168 if not isinstance(io, ExcelFile):
--> 169 io = ExcelFile(io, engine=engine)
170
171 return io._parse_excel(
/opt/continuum/anaconda3/lib/python3.5/site-packages/pandas/io/excel.py in __init__(self, io, **kwds)
216 self.book = xlrd.open_workbook(file_contents=data)
217 else:
--> 218 self.book = xlrd.open_workbook(io)
219 elif engine == 'xlrd' and isinstance(io, xlrd.Book):
220 self.book = io
/opt/continuum/anaconda3/lib/python3.5/site-packages/xlrd/__init__.py in open_workbook(filename, logfile, verbosity, use_mmap, file_contents, encoding_override, formatting_info, on_demand, ragged_rows)
439 formatting_info=formatting_info,
440 on_demand=on_demand,
--> 441 ragged_rows=ragged_rows,
442 )
443 return bk
/opt/continuum/anaconda3/lib/python3.5/site-packages/xlrd/book.py in open_workbook_xls(filename, logfile, verbosity, use_mmap, file_contents, encoding_override, formatting_info, on_demand, ragged_rows)
105 "*** Setting on_demand to False.\n")
106 bk.on_demand = on_demand = False
--> 107 bk.fake_globals_get_sheet()
108 elif biff_version == 45:
109 # worksheet(s) embedded in global stream
/opt/continuum/anaconda3/lib/python3.5/site-packages/xlrd/book.py in fake_globals_get_sheet(self)

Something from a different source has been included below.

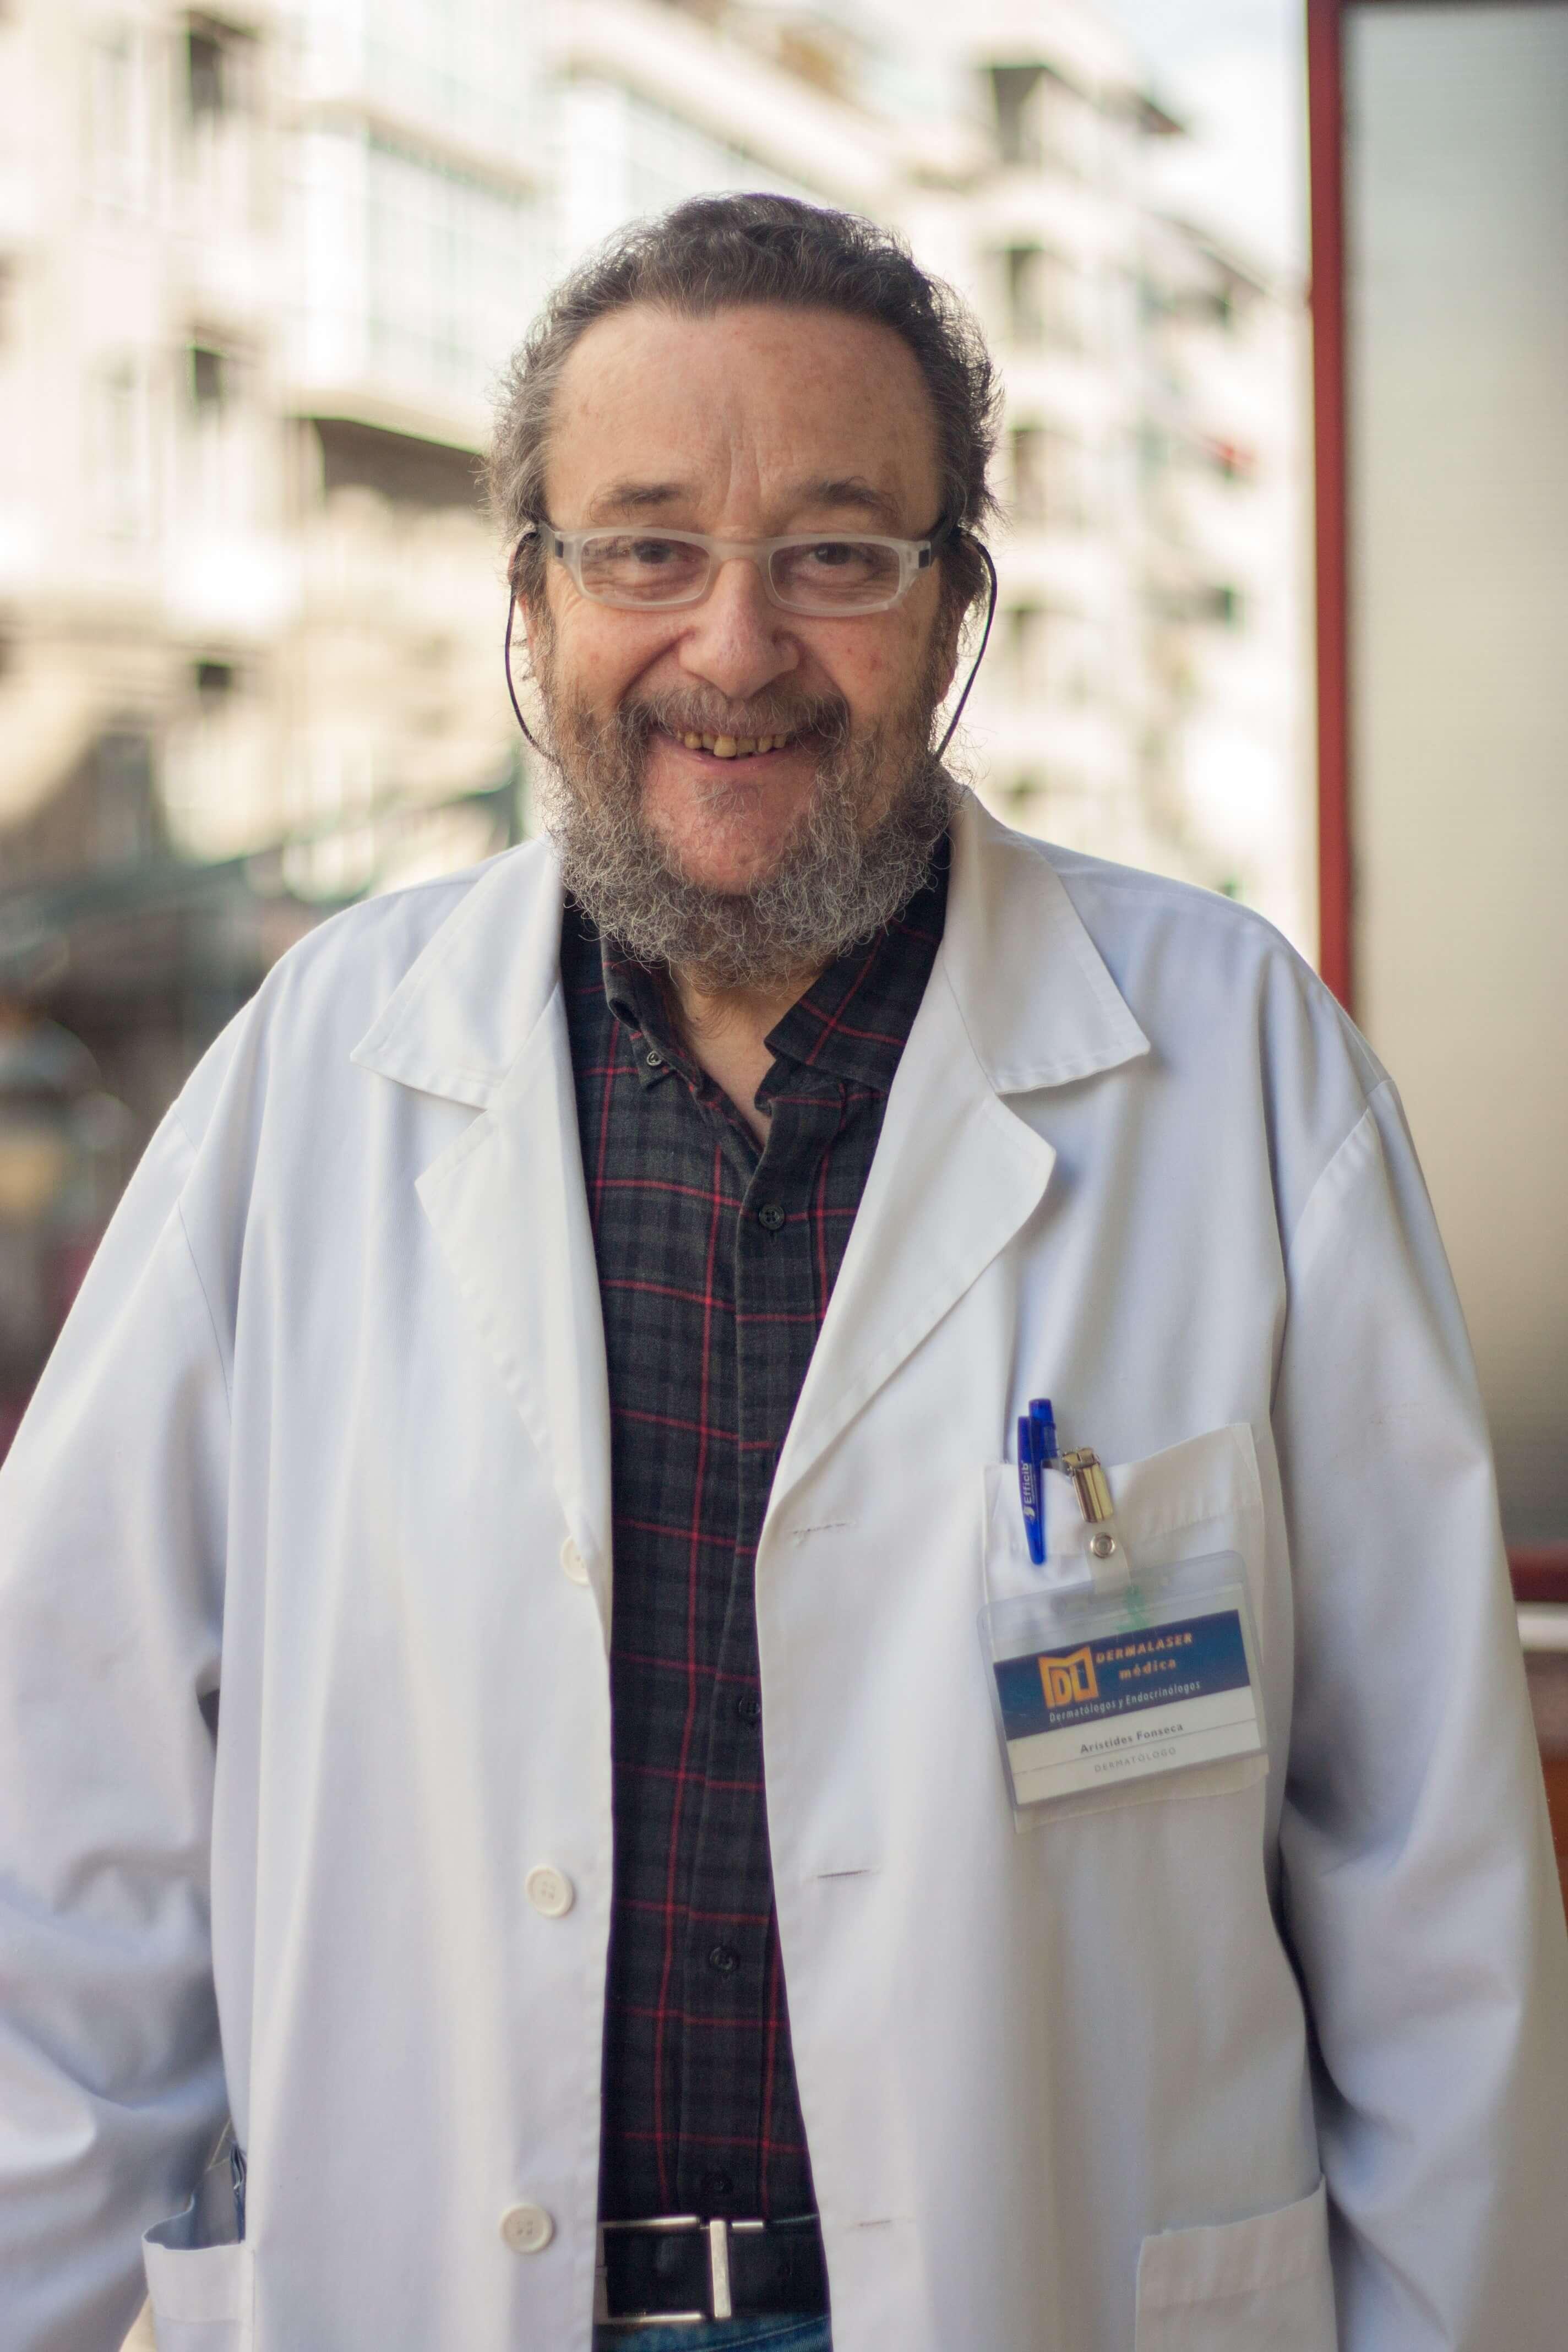 Imagen de Dr Fonseca Moretón Aristides

685 self._sheet_visibility = [0] # one sheet, visible
686 self._sheet_list.append(None) # get_sheet updates _sheet_list but needs a None beforehand
--> 687 self.get_sheets()
688
689 def handle_boundsheet(self, data):
/opt/continuum/anaconda3/lib/python3.5/site-packages/xlrd/book.py in get_sheets(self)
676 for sheetno in xrange(len(self._sheet_names)):
677 if DEBUG: print("GET_SHEETS: sheetno =", sheetno, self._sheet_names, self._sh_abs_posn, file=self.logfile)
--> 678 self.get_sheet(sheetno)
679
680 def fake_globals_get_sheet(self): # for BIFF 4.0 and earlier
/opt/continuum/anaconda3/lib/python3.5/site-packages/xlrd/book.py in get_sheet(self, sh_number, update_pos)
667 sh_number,
668 )
--> 669 sh.read(self)
670 self._sheet_list[sh_number] = sh
671 return sh
/opt/continuum/anaconda3/lib/python3.5/site-packages/xlrd/sheet.py in read(self, bk)
1473 % (self.number, self.name))
1474 self.tidy_dimensions()
-> 1475 self.update_cooked_mag_factors()
1476 bk._position = oldpos
1477 return 1
/opt/continuum/anaconda3/lib/python3.5/site-packages/xlrd/sheet.py in update_cooked_mag_factors(self)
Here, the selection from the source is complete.